Keywords: scaling laws, machine translation, multilinguality, multi-task optimization
TL;DR: We study the scaling behavior of multilingual, multi-task neural machine translation models.
Abstract: In this work, we provide a large-scale empirical study of the scaling properties of multilingual (multitask) neural machine translation models. We examine how increases in the model size affect the model performance and investigate the role of the individual task weights on the scaling behavior. We find that these weights only affect the multiplicative factor of the scaling law and in particular, the scaling exponent is unaffected by them. Through a novel joint scaling law formulation, we compute the effective number of parameters allocated to each task and examine the role of language similarity in the scaling behavior of our models. We find minimal evidence that language similarity has any impact.

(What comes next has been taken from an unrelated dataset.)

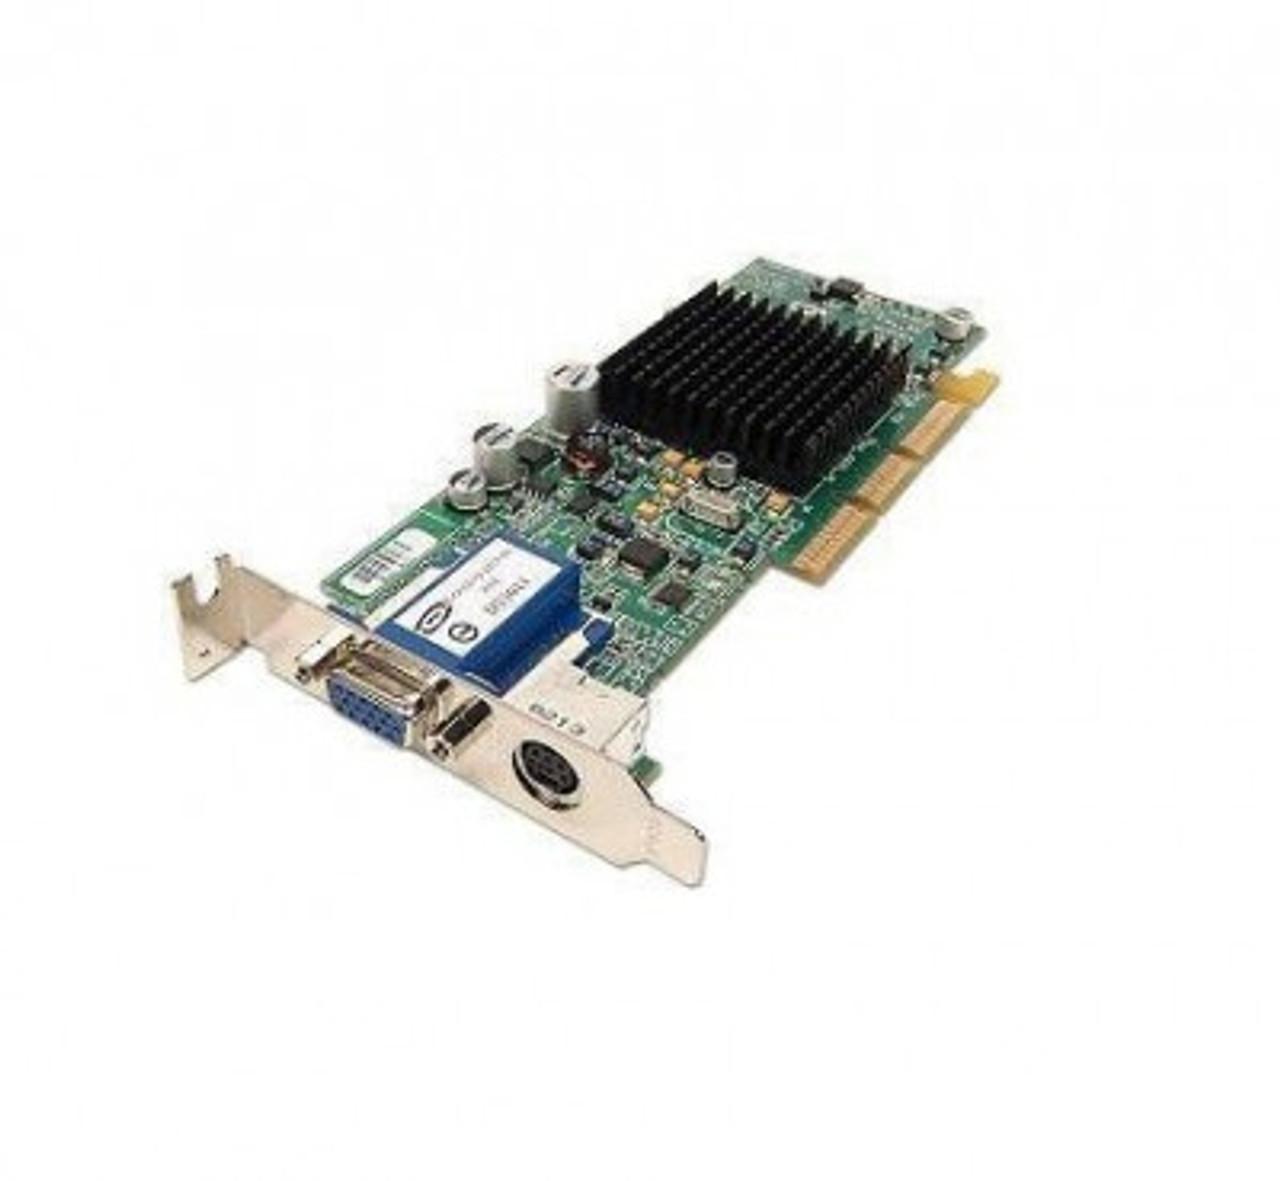 06T975 - Dell ATI Radeon 7500 AGP 32MB Video Card for Dell Optiplex GX260

In contrast, ``direction'' of the multilinguality plays a big role, with models translating from multiple languages into English having a larger number of effective parameters per task than their reversed counterparts. Finally, we leverage our observations to predict the performance of multilingual models trained with any language weighting at any scale, greatly reducing efforts required for task balancing in large multitask models. Our findings apply to both in-domain and out-of-domain test sets and to multiple evaluation metrics, such as ChrF and BLEURT.
Anonymous Url: I certify that there is no URL (e.g., github page) that could be used to find authors’ identity.
No Acknowledgement Section: I certify that there is no acknowledgement section in this submission for double blind review.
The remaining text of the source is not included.